|MEA continues slow climb back to normal schedule
|Lebanon's national air carrier said Monday that it was working hard to resume more of its regular flight schedule as conditions improve after the reopening of Beirut's Rafik Hariri International Airport on August 17. "We are operating at less than 50 percent compared with business last year," Middle East Airlines chairman Mohammad Hout told The Daily Star.
"We are operating to all destinations that we go to but not with the frequency we used to. For example we have one daily flight to Paris instead of two."
Public Works and Transport Minister Mohammad Safadi said earlier that the airport would be fully operational this week, once all the runways hit by Israeli warplanes were repaired.

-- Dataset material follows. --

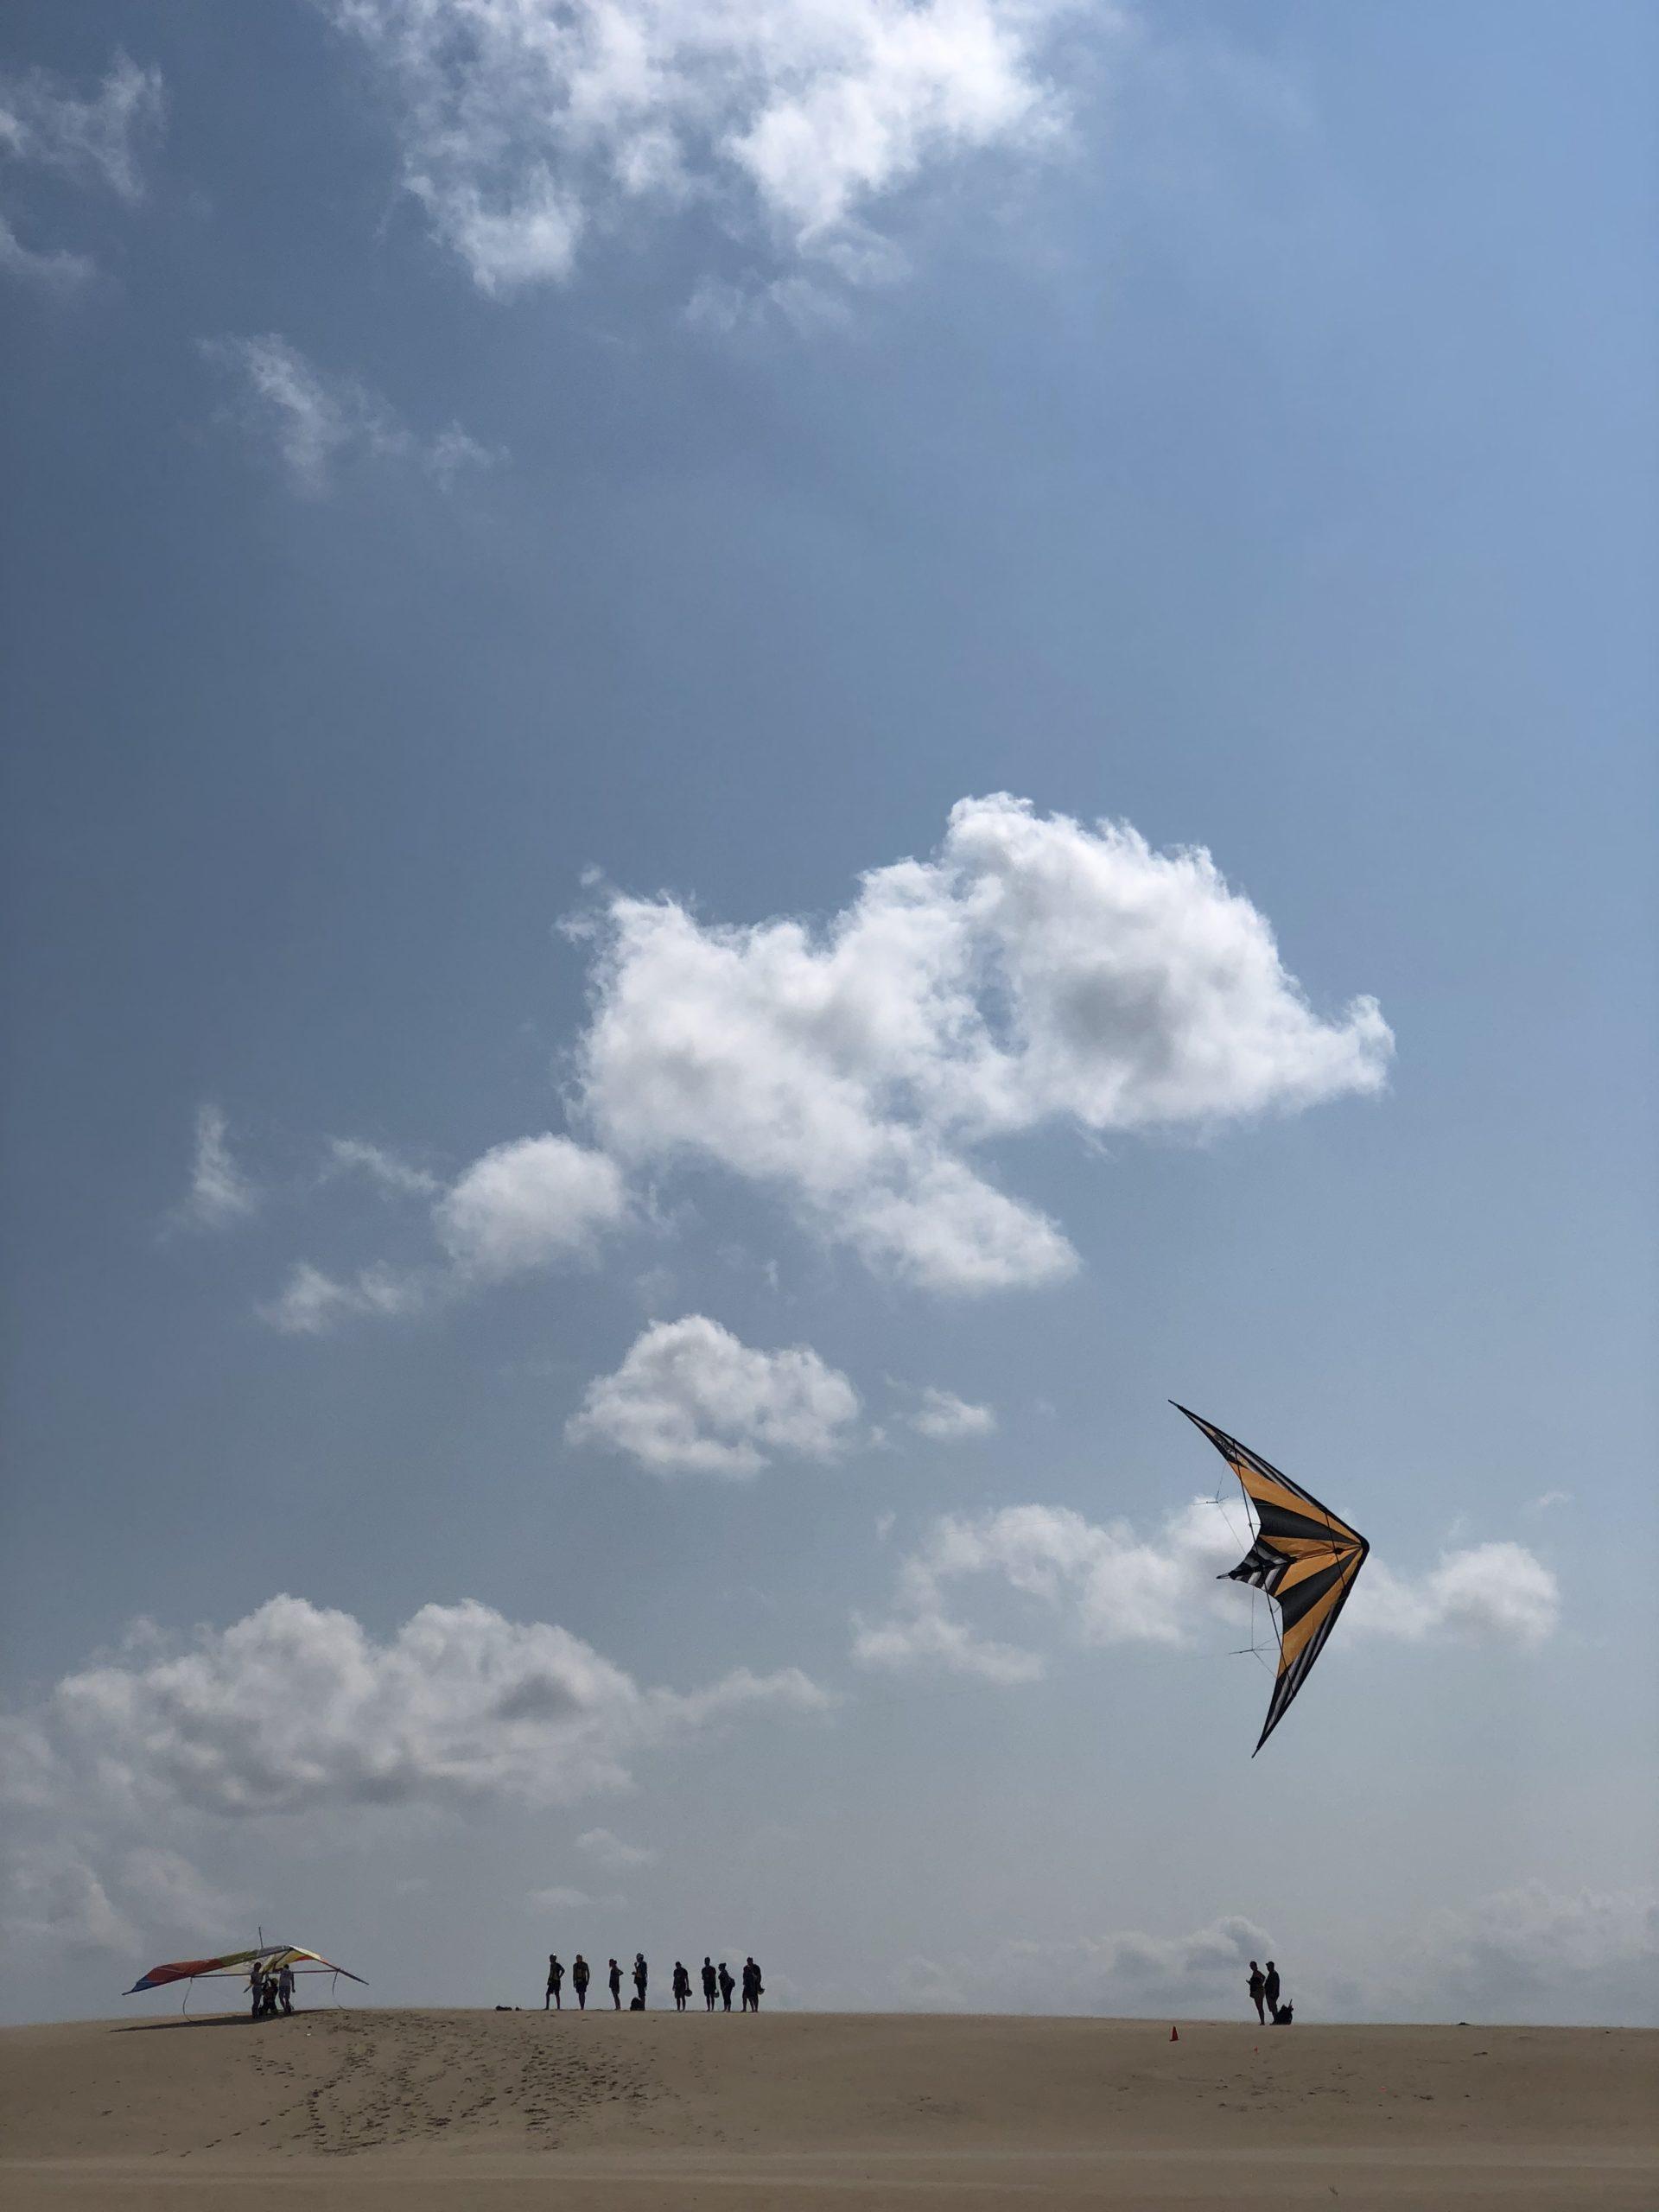 Flying a dual line stunt kite at Jockeys Ridge State Park
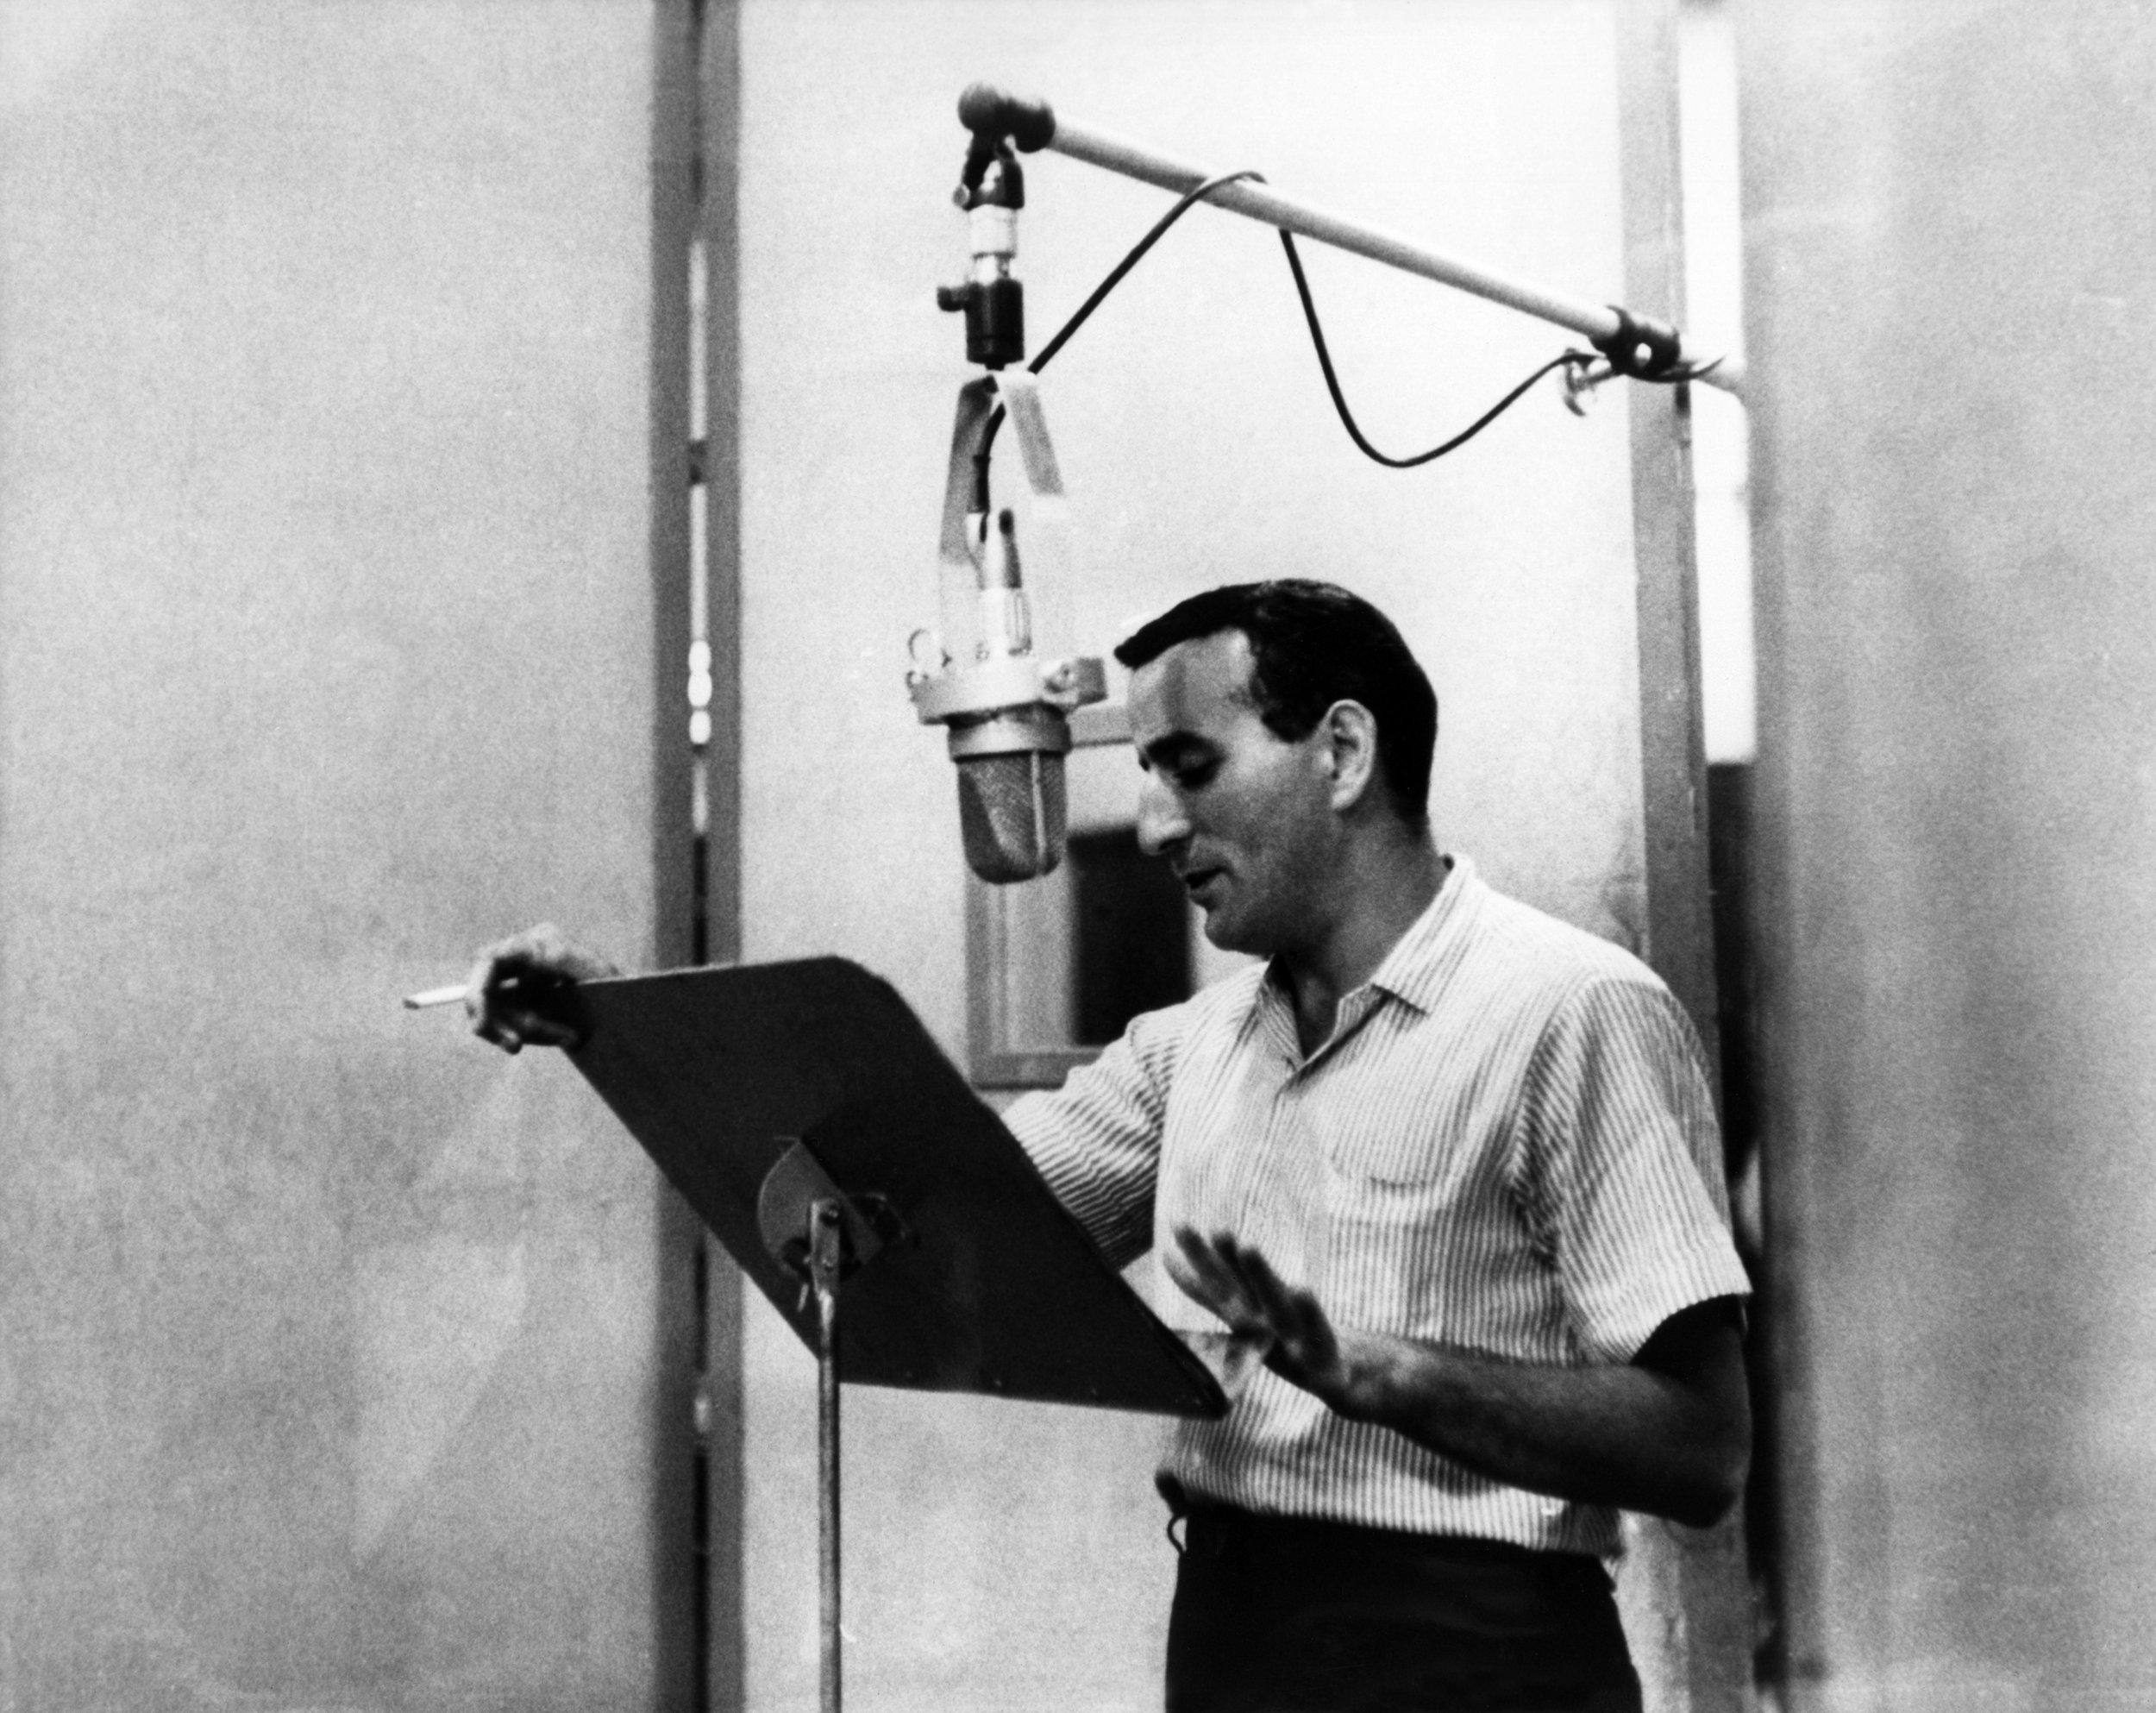 Bradley's idol, Tony Bennett, recording in about 1970

MEA flies direct to 15 destinations on three continents: Abidjan, Accra, Amman, Cairo, Dammam, Dubai, Frankfurt, Jeddah, Kano, Kuwait City, Lagos, Larnaca, London, Paris, and Riyadh. On Monday, four flights left from Beirut - bound for Cairo, Dubai, Kuwait City and Paris - but each landed for a 50-minute layover in Amman before heading for its final destination.
The Reuters news agency quoted a "senior industry source" as saying the layovers were the result of an Israeli demand that security checks be performed in Jordan. When asked asked why the planes were stopping in Amman, Hout said the airline was following orders issued by Lebanese Civil Aviation authorities. Asked if these were the product of Israeli pressure, he told The Daily Star: "I don't know. Maybe."
Hout would not comment on the extent of MEA's losses from the 34-day war, but he did say that the carrier had no plans to increase its fares.
MEA was one of the companies that had been pinning their hopes on a very good tourist season this year as officials from the Tourism Ministry projected more than 1.6 million visitors to come this summer.
Hout said the reduced schedule had more to do with decreased demand for travel to Lebanon than the company's ability to fly. After storing MEA planes in Amman and Damascus during the conflict, all planes have returned to Beirut and MEA is hoping to expand their routes further as time goes by.
"I don't think there is demand to fly to Beirut. However this all depends on the future," Hout said. "If it is stable, it will be easy, although it will take some time to regain full operation. If it is not stable there will not be a demand and we will not increase our routes."
On Tuesday, MEA expects eight planes to depart from Beirut and hopes that even more will fly in the coming days. Before the war broke out, more than 36 foreign airlines used the airport. As of Monday, British Airways, Emirates and Gulf Airways has announced plans to resume service.